Importance: Achromatopsia linked to variations in the CNGA3 gene is associated with day blindness, poor visual acuity, photophobia, and involuntary eye movements owing to lack of cone photoreceptor function. No treatment is currently available.

Objective: To assess safety and vision outcomes of supplemental gene therapy with adeno-associated virus (AAV) encoding CNGA3 (AAV8.CNGA3) in patients with CNGA3-linked achromatopsia.

Design, setting, and participants: This open-label, exploratory nonrandomized controlled trial tested safety and vision outcomes of gene therapy vector AAV8.CNGA3 administered by subretinal injection at a single center. Nine patients (3 per dose group) with a clinical diagnosis of achromatopsia and confirmed biallelic disease-linked variants in CNGA3 were enrolled between November 5, 2015, and September 22, 2016. Data analysis was performed from June 6, 2017, to March 12, 2018.

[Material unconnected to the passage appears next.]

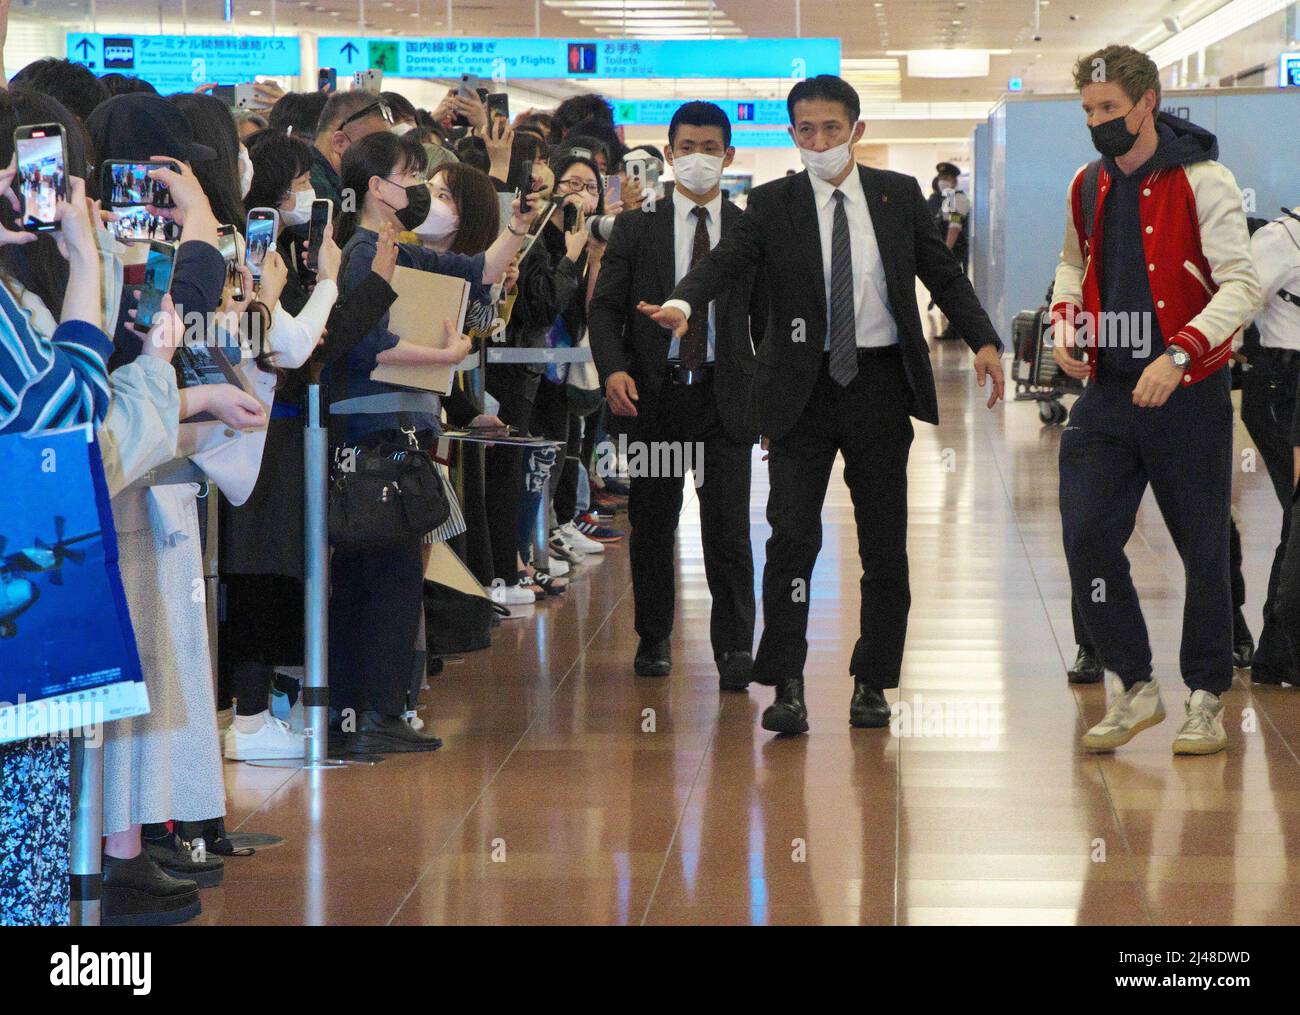 Actor Eddie Redmayne is seen arrives at Tokyo International Airport for  promote his film "Fantastic Beasts:
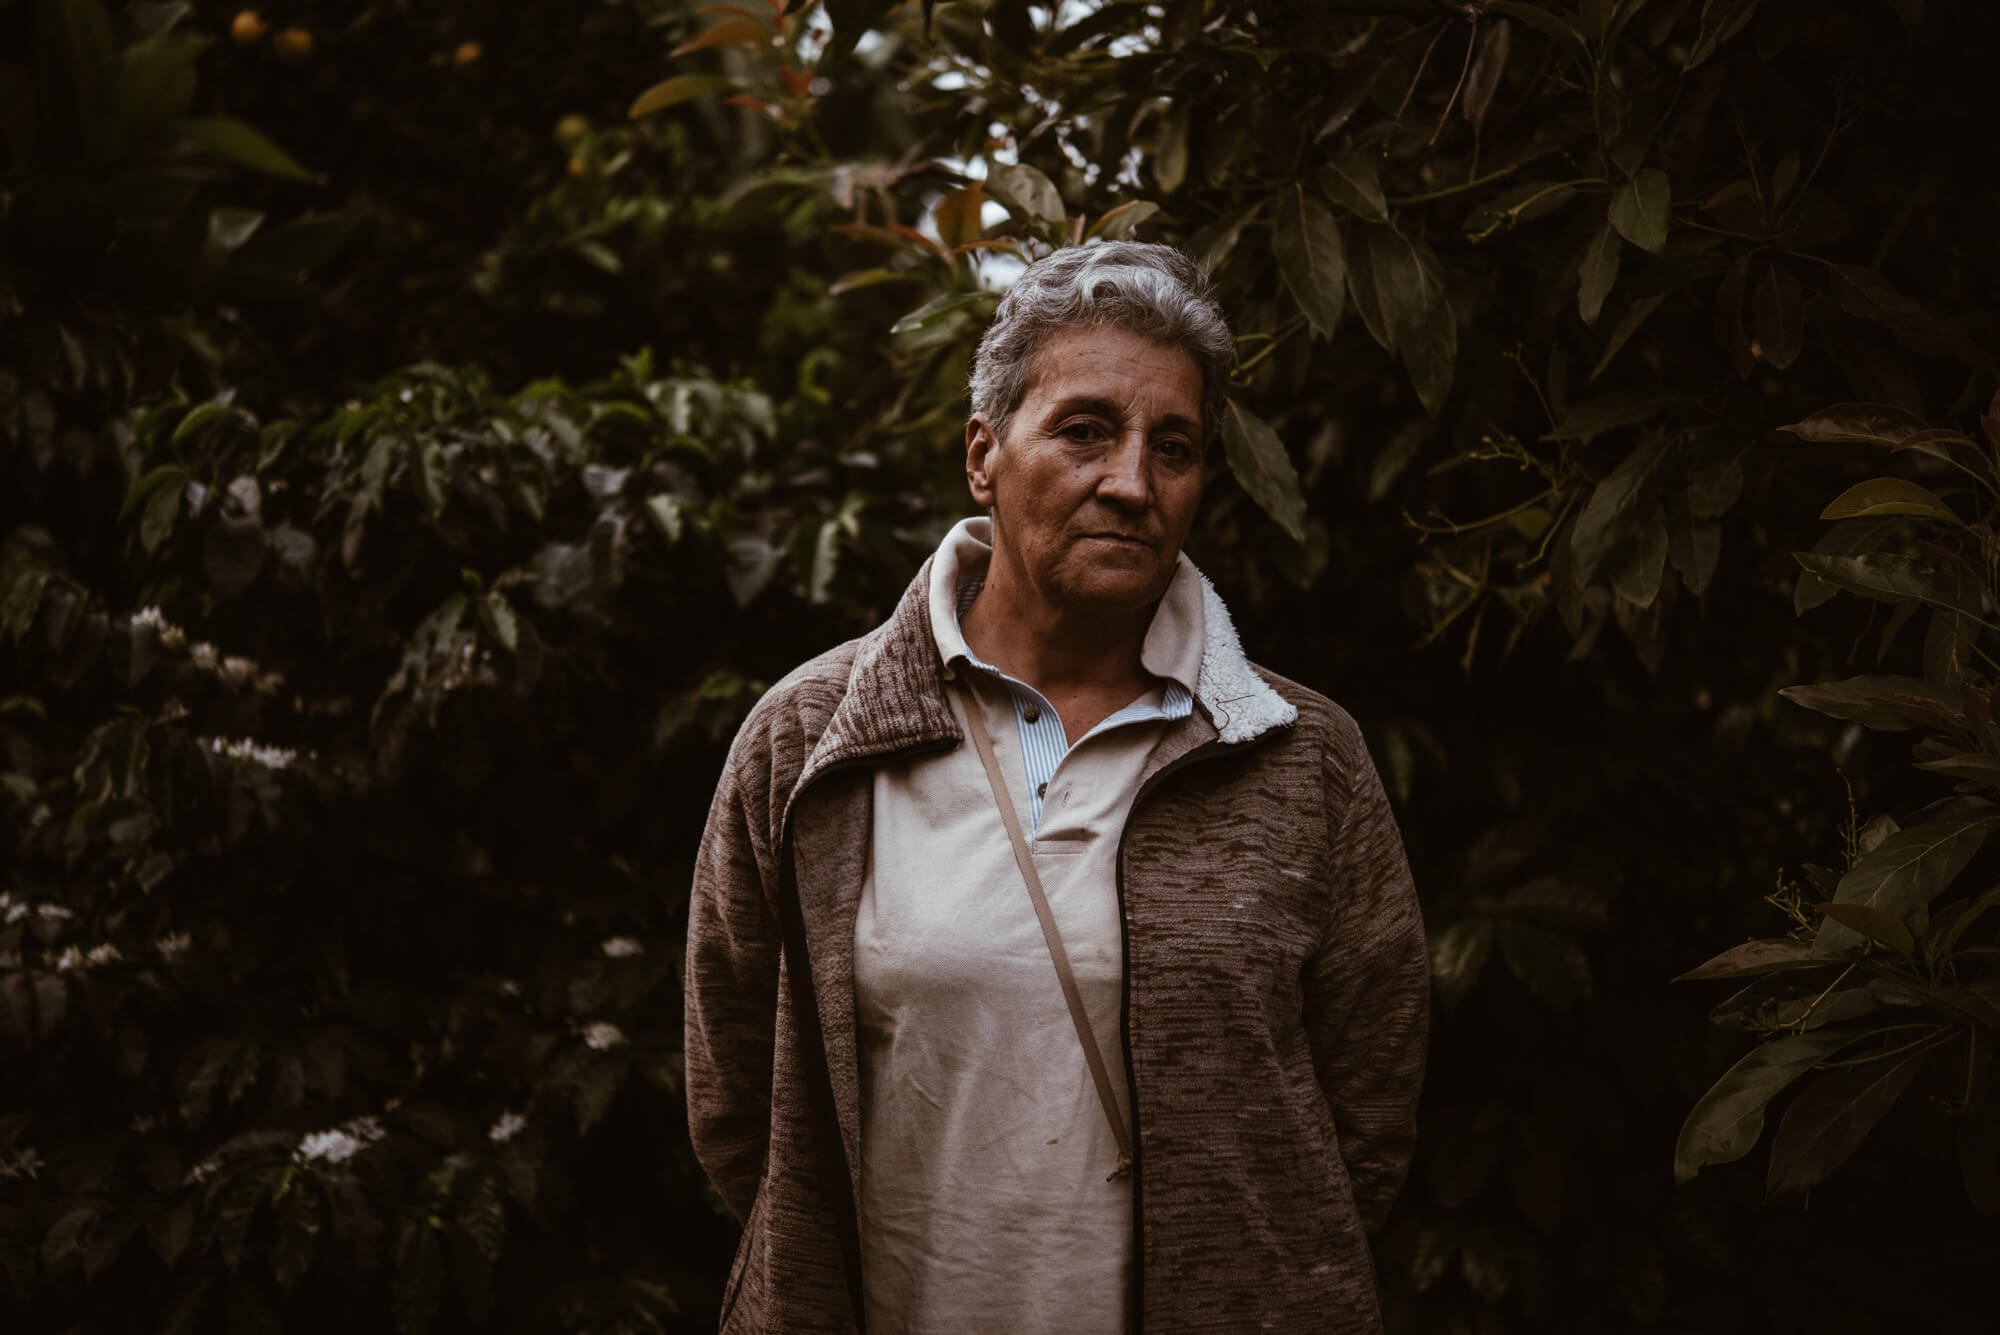 An interview with coffee farmer Amparo Maya Guerrero.

Intervention: Patients received a single unilateral injection of 1.0 × 1010, 5.0 × 1010, or 1.0 × 1011 total vector genomes of AAV8.CNGA3 and were followed up for a period of 12 months (November 11, 2015, to October 10, 2017).

Main outcomes and measures: Safety as the primary end point was assessed by clinical examination of ocular inflammation. Systemic safety was assessed by vital signs, routine clinical chemistry testing, and full and differential blood cell counts. Secondary outcomes were change in visual function from baseline in terms of spatial and temporal resolution and chromatic, luminance, and contrast sensitivity throughout a period of 12 months after treatment.

Results: Nine patients (mean [SD] age, 39.6 [11.9] years; age range, 24-59 years; 8 [89%] male) were included in the study. Baseline visual acuity letter score (approximate Snellen equivalent) ranged from 34 (20/200) to 49 (20/100), whereas baseline contrast sensitivity log scores ranged from 0.1 to 0.9. All 9 patients underwent surgery and subretinal injection of AAV8.CNGA3 without complications. No substantial safety problems were observed during the 12-month follow-up period. Despite the congenital deprivation of cone photoreceptor-mediated vision in achromatopsia, all 9 treated eyes demonstrated some level of improvement in secondary end points regarding cone function, including mean change in visual acuity of 2.9 letters (95% CI, 1.65-4.13; P = .006, 2-sided t test paired samples). Contrast sensitivity improved by a mean of 0.33 log (95% CI, 0.14-0.51 log; P = .003, 2-sided t test paired samples).

Conclusions and relevance: Subretinal gene therapy with AAV8.CNGA3 was not associated with substantial safety problems and was associated with cone photoreceptor activation in adult patients, as reflected by visual acuity and contrast sensitivity gains.

Trial registration: ClinicalTrials.gov Identifier: NCT02610582.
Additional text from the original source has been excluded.